Wednesday afternoon, the proposal seemed dead. House Ways and Means Committee chair Richard Neal, D-Massachusetts, said the idea was too complicated.

It is also quite simply wrong. Taxing paper profits on an asset that has not been sold is asking a taxpayer to pay taxes on a potential gain. It could turn into a loss, and even Wyden admitted that billionaires should be allowed to write off their losses.

It is likely that any tax considered by Congress will quickly descend the economic ladder to affect large numbers of Americans who work for a living.

For example, Democrats have been keeping their eye on inheritances as a new source of tax revenue. A proposal to remove the “capital gains increase” has been launched by the Biden administration.

The “step-up” refers to the tax base, or acquisition cost, of an asset. If your parent paid $ 1 per share for a share and sold it for $ 100 per share, the profit of $ 99 per share is a capital gain that is taxed. But if your parent dies without selling, and you inherit the stock purchased for $ 1 per share on a day when the stock was valued at $ 100 per share, your tax base is $ 100. If you later sold it for $ 102, you owed capital gains tax on a gain of just $ 2 per share. The same is true for real estate. If you inherit a house, your tax base is the value of the house on the day you inherit it, regardless of the price your parents paid years ago.

For ordinary families who are not billionaires, removing the “grossed-up base” would be a massive tax increase. The value of inherited assets would be dissipated by taxes as soon as they are transferred.

President Biden wanted to go even further. He proposed to treat inheritances as if they were sales and force heirs to pay taxes on the difference between the original purchase price of the asset and the present value on the date of death. He suggested an exemption of $ 1 million for single filers and $ 2.5 million for married couples, but that was not enough to convince the House Ways and Means Committee, which dropped the entire package. the proposal in September, citing concerns about how that would affect the family. owned businesses and farms.

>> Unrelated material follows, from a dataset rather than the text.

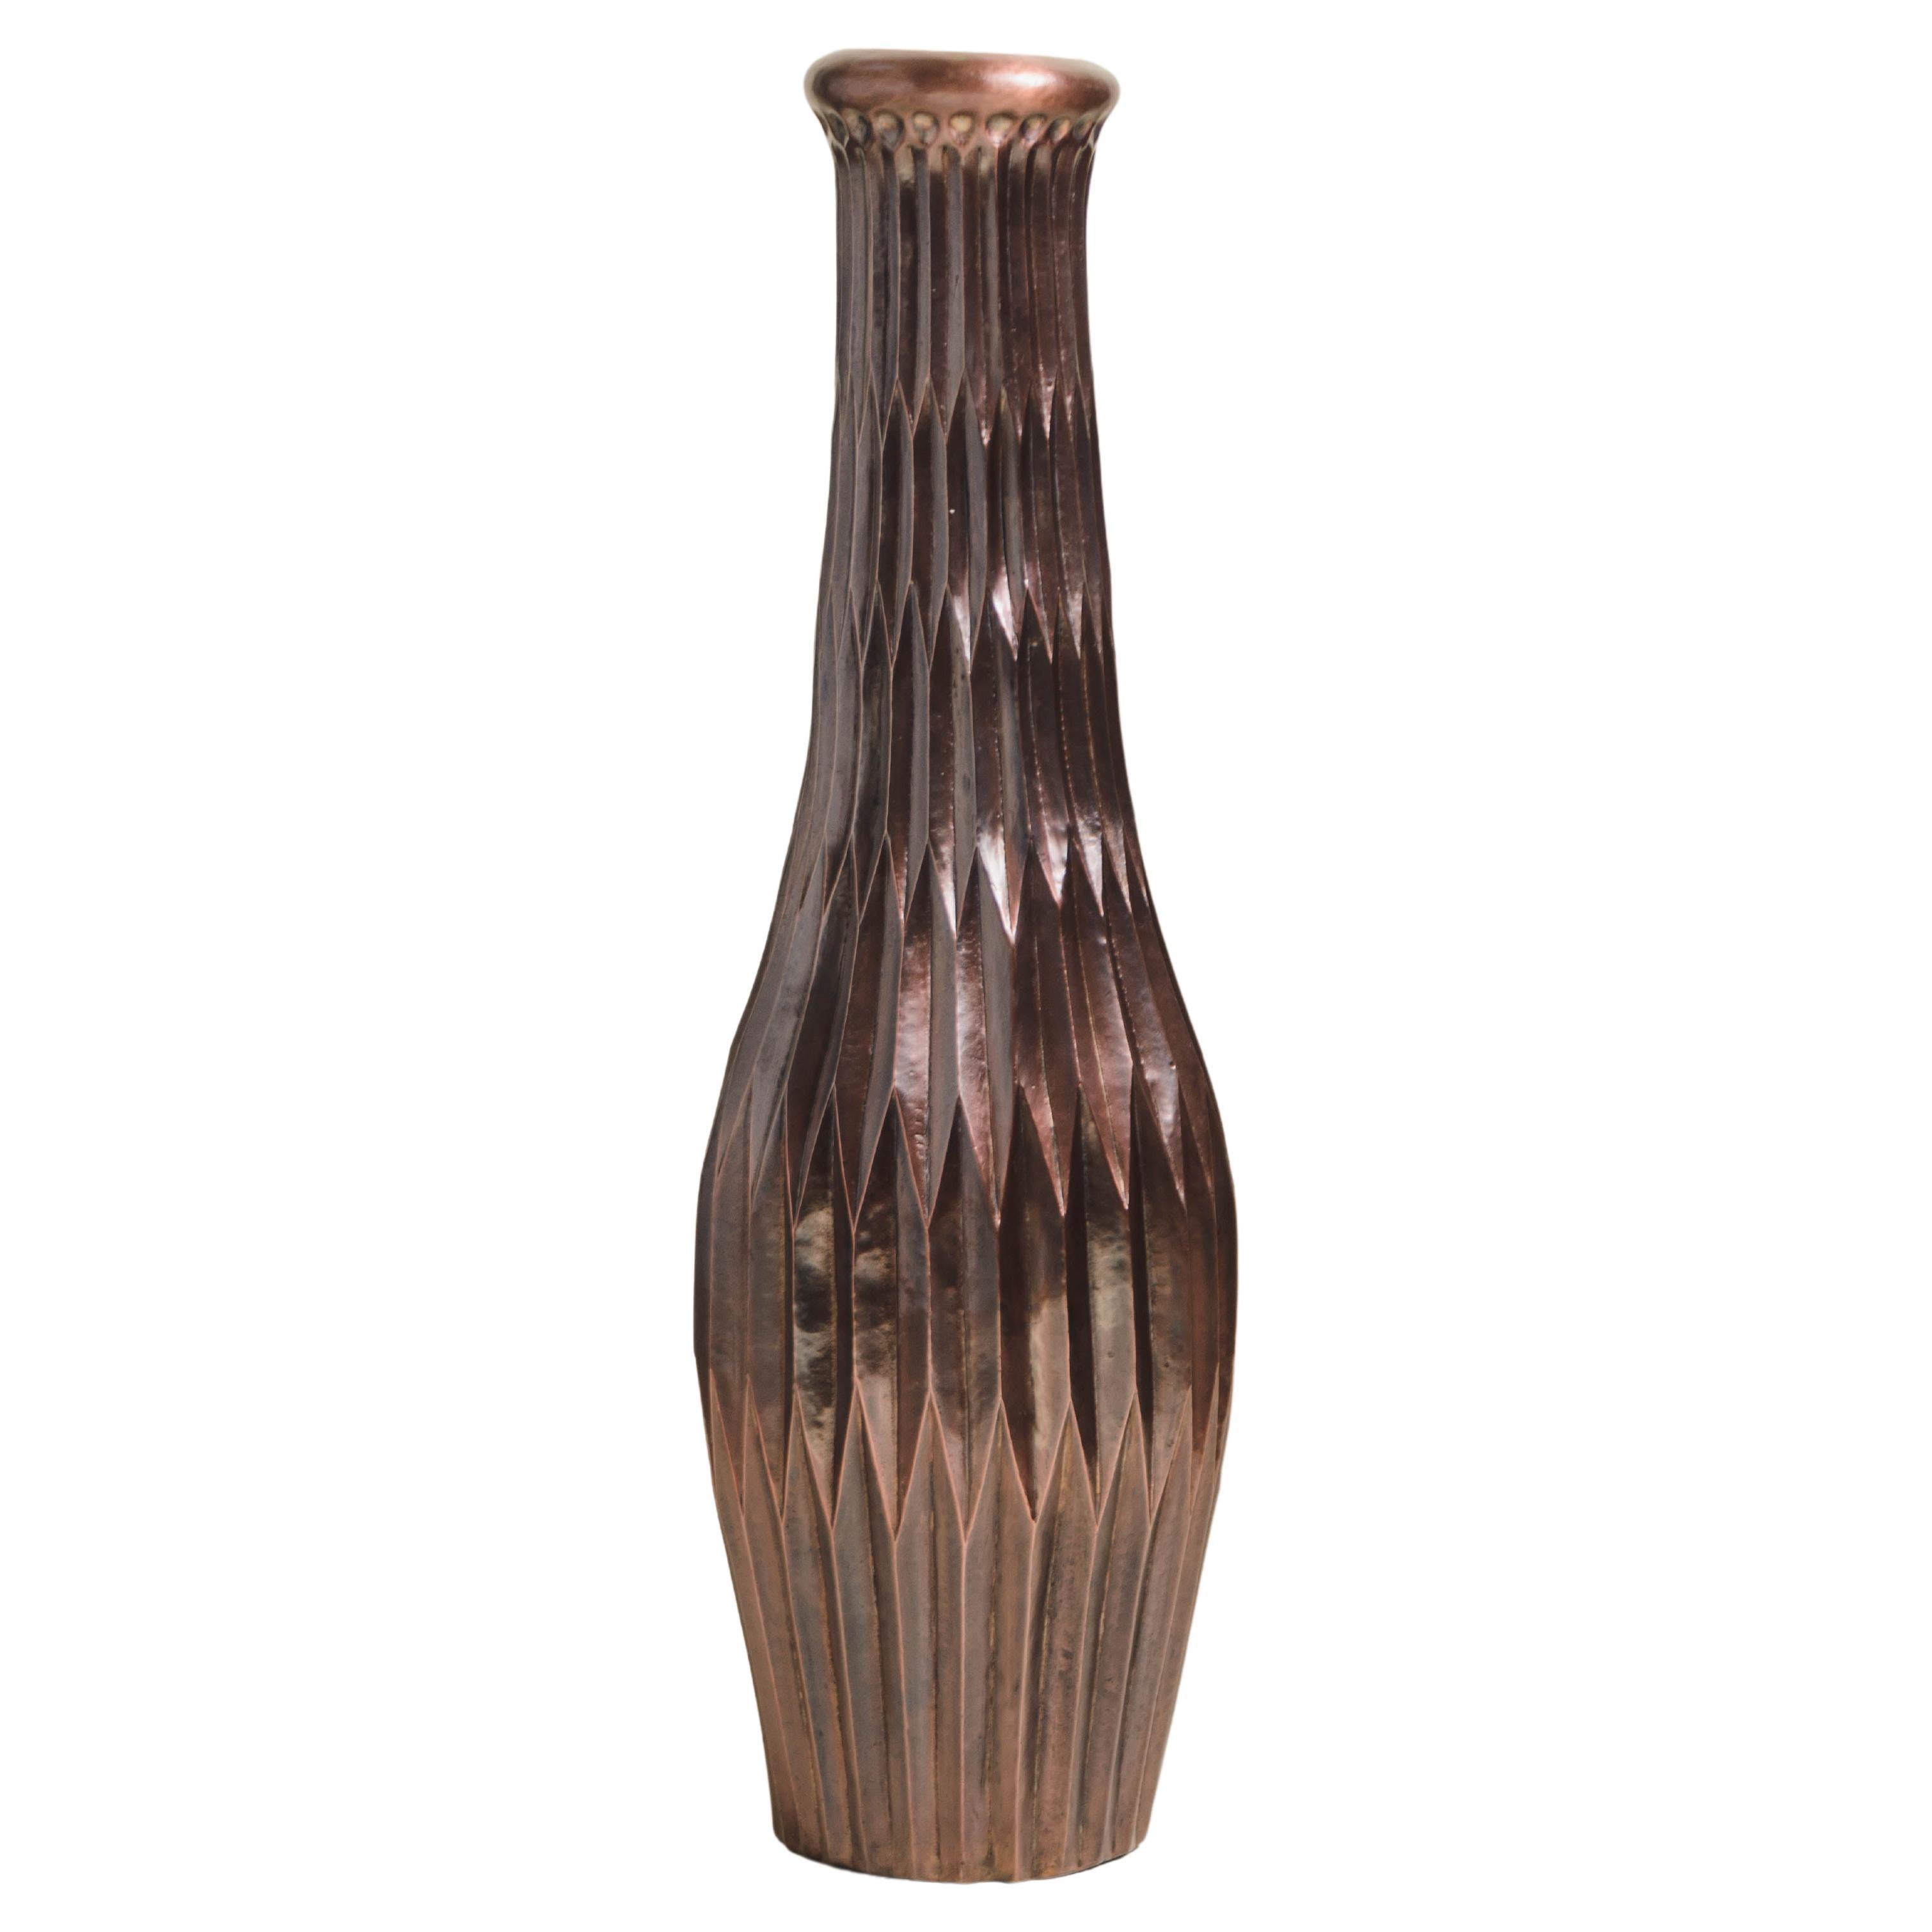 Contemporary Repoussé Tall Lantern Design Vase in Antique Copper by Robert Kuo For Sale

It would crush them, that’s how it would affect them.

Raising taxes hurts people, especially when taxes are raised on people who don’t have the income to pay them.

This is what happened in the 1970s, the last time inflation got out of hand. Home prices in California were skyrocketing and when tax assessors reassessed the properties, homeowners received a new tax bill based on the current market value. People who couldn’t pay the new tax bill were forced to sell their homes.

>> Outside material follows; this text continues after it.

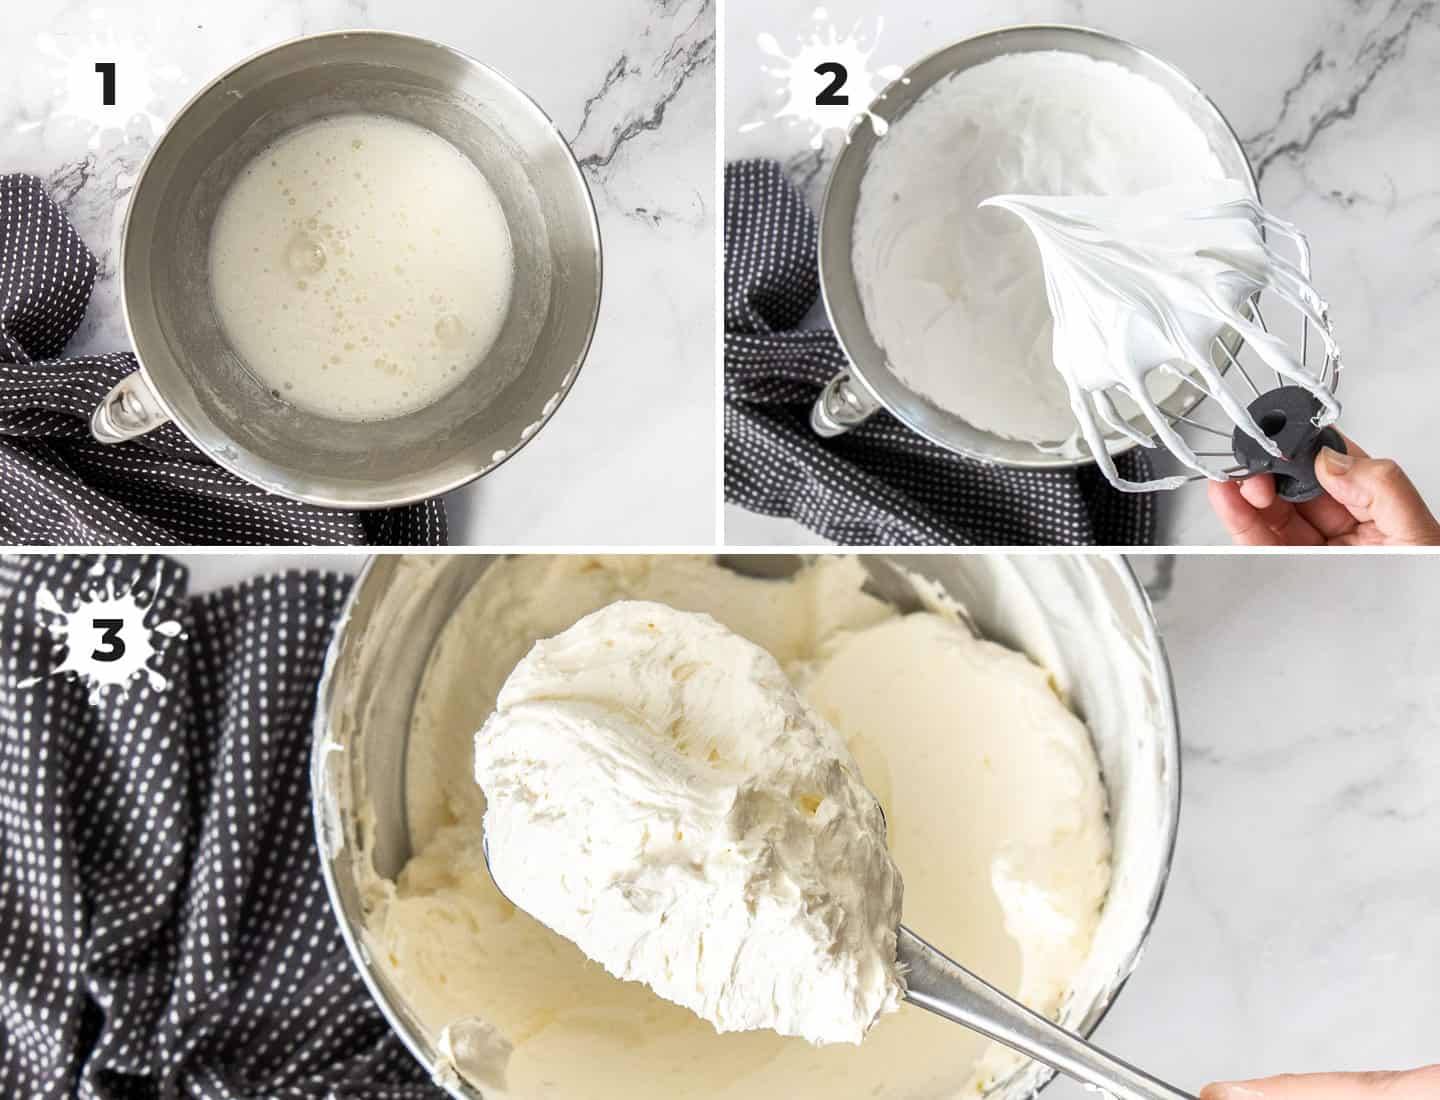 A collage of 3 images showing how to make Swiss meringue buttercream.

Proposition 13 was the result. Almost two-thirds of voters statewide approved the initiative that amended the state’s constitution to prohibit revaluation of property until there is a change in ownership. The prop. 13 allowed an increase in the cost of living of the estimated value of the property, but capped it at 2% per annum, and it reduced the property tax rate to 1%, compared to an average of 2.67% per year. statewide.

It was the oppressive impact of inflation that drove the prop. 13 to cross the finish line in 1978, and the same inflation led to the passage of Proposition 58 in 1986. Many people who inherited property from their parents did not have the income to pay for the property. property. taxes based on current market value. They were forced to sell until they were saved by Proposition 58. This changed the state constitution to allow parents to transfer to their children a house of any value and up to $ 1 million assessed value of other property without reassessment. The prop. 58 was immensely popular. It was put on the ballot unanimously in the Legislative Assembly and was approved by over 75% of voters.

Now it’s gone. The fine print of Proposition 19, which narrowly passed in November 2020, repealed Proposition 58 to eliminate higher taxes on families inheriting property. Today, with a few exceptions, people who inherit property from their parents have to pay much higher property taxes based on current market value, otherwise they have to sell.

The simple fact is that inflation is itself a tax increase. This not only forces consumers to pay more for less, but it drives up taxes with slipping tax brackets and inflated asset valuations.

So don’t believe President Biden when he says no one earning less than $ 400,000 a year will see a tax increase. His claims are wildly inflated.